This section briefly explains in which cases small area estimation methods may be useful. It includes a short explanation why disaggregation is needed with regards to the SDGs and what the shortcomings of direct approaches may be.
Demand for more disaggregated data for SDG monitoring
The need for disaggregated statistical indicators can have various roots. In these guidelines, the reason for disaggregation is the monitoring process of the Sustainable Development Goals.
In 2015, the Member States of the United Nations committed themselves to the 2030 Agenda for Sustainable Development that contains 17 Sustainable Development Goals (SDGs) and 169 targets. Tracking progress on the SDGs at a global level requires statistical indicators and its sound interpretation. Additional to the global monitoring purpose, high quality, timely and reliable data have the potential to support evidence-based policy decisions and to design allocation programs in social, economic and environmental fields at the national level.
During the process national statistical offices (NSOs) and other government agencies of the Member states were asked to provide a national indicator framework, optimally including a set of Global Monitoring Indicators harmonized across countries for comparability. The majority of indicators should be based on official data sources such as administrative data, censuses, registers, or household surveys, while new data sources were also discussed and evaluated.
One of the core principles of the 2030 Agenda for Sustainable Development is to leave no one behind which includes to identify the ones furthest behind and ensure that the targets are met for all individuals. Therefore, one part of the review processes is the provision of data that is high-quality, accessible, timely, reliable and disaggregated by income, sex, age, race, ethnicity, migration status, disability, and geographic location, and other characteristics relevant in national contexts and for the specific target. The disaggregation of data for SDG indicators ensures the monitoring of inequalities.
To identify if targets of the SDGs are achieved for all relevant groups, indicators that can be disaggregated are preferred for the monitoring process. The key dimensions for disaggregation include:
- Characteristics of the individual or household such as sex, ages, income, disability, religion, ethnicity and indigenous status,
- Economic activity,
- Spatial dimensions such as metropolitan areas, urban and rural, or districts.
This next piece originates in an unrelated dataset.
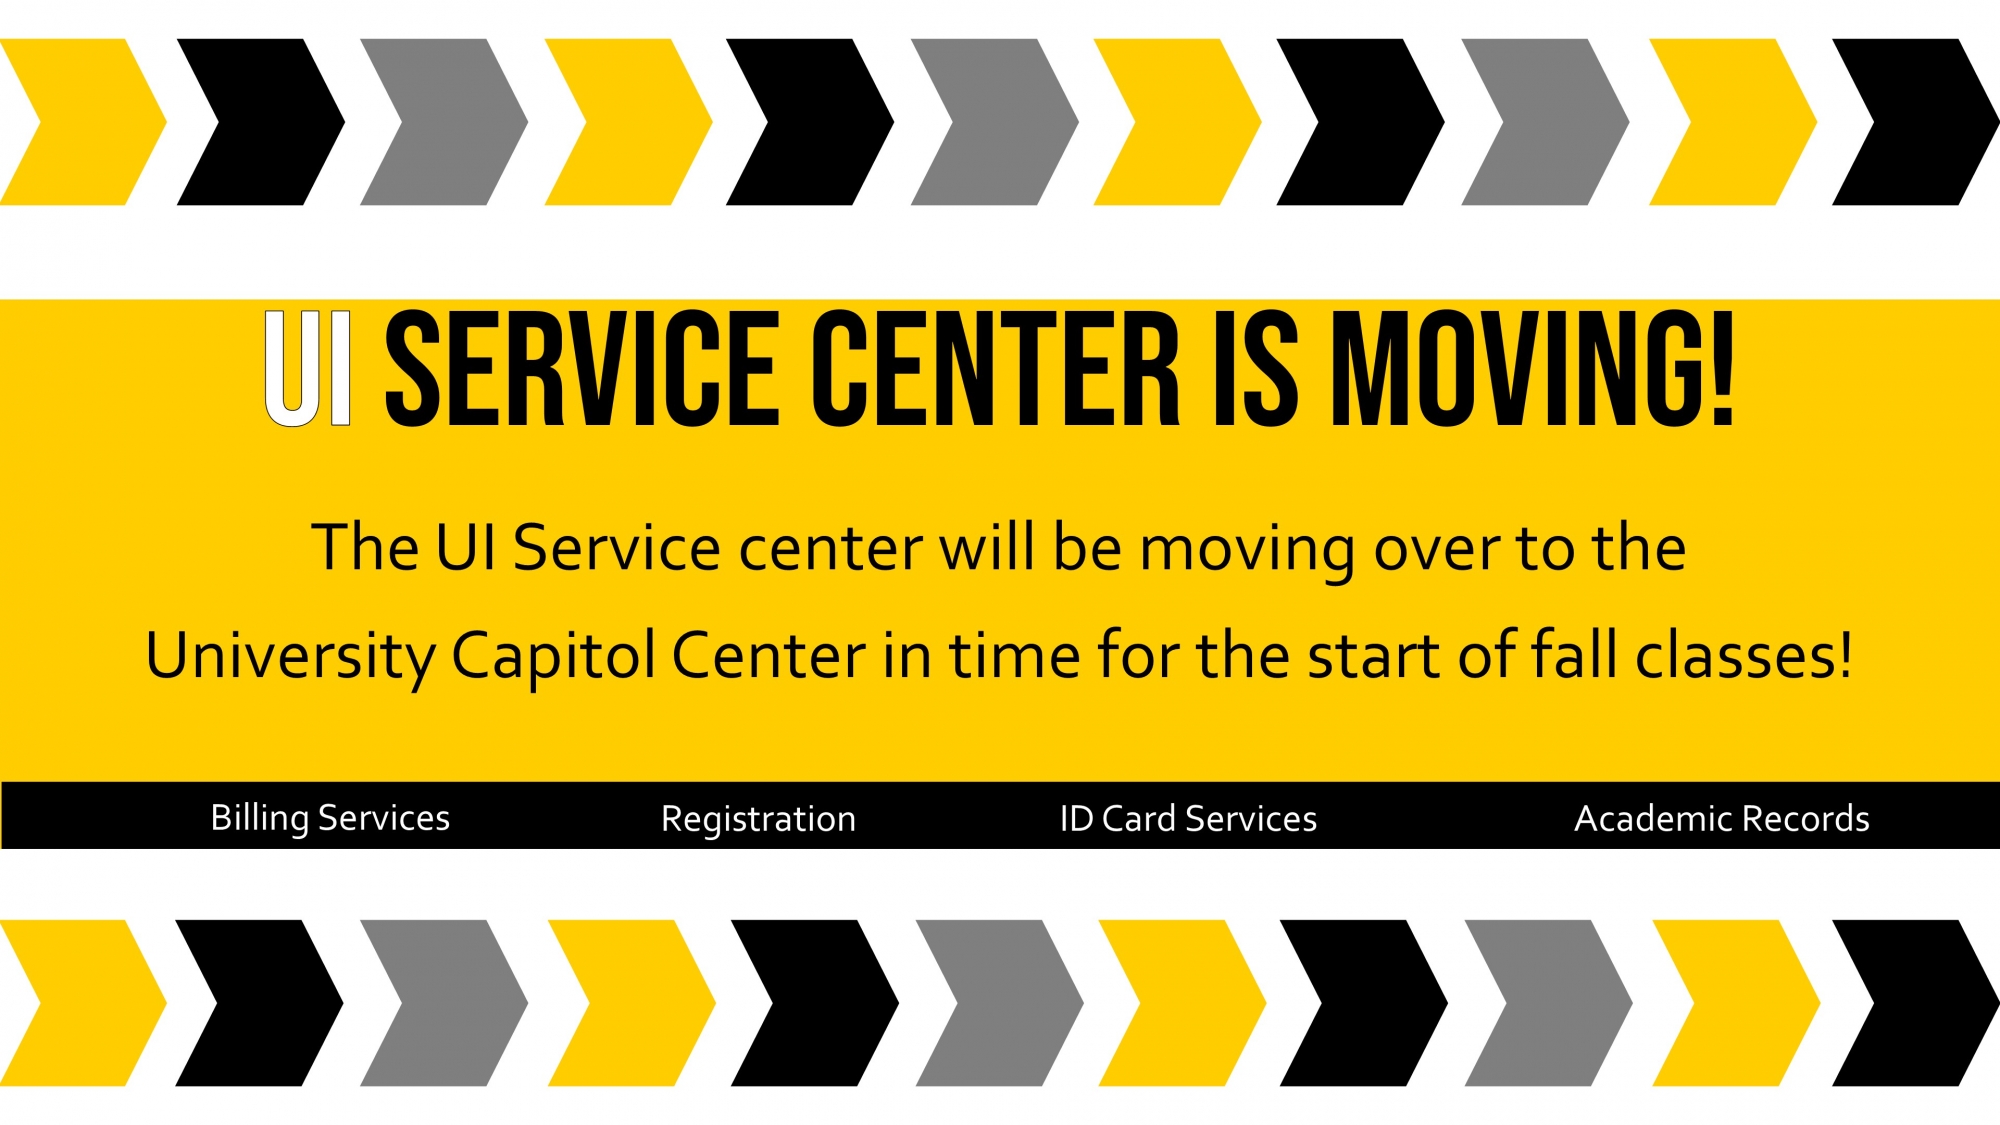 UI Service Center Moving

For more information, which disaggregation is suggested for which indicator, the reader is referred to the E-Handbook of the SDGs and to the Compilation on Data Disaggregation Dimensions and Categories for Global SDG Indicators which provides a complete overview of all disaggregation dimensions and categories relevant to all SDG Indicators.
A few examples of SDG indicators are presented below, underlining the data disaggregation dimensions required by the indicators. Note that the highlighted disaggregation dimensions are those are specified by the indicators for the global SDG indicator framework. Countries would need to adjust the data requirements to meet the national and local policy needs. For example the required data disaggregation dimensions for SDG indicator 11.2.1 are sex, age and person with disabilities. Location, even though is not specified in the indicator, can be quite relevant for policy implementation.
SDG Indicators - Global Indicator Framework
All SDG goals and targets with their corresponding indicators can be found in the Global Indicator Framework.
Fundamental Principles of Official Statistics
The usage of small area estimation also pleases some parts of the Fundamental Principles of Official Statistics, for example, by reducing the burden of respondents if domain estimates can be obtained without conducting more surveys.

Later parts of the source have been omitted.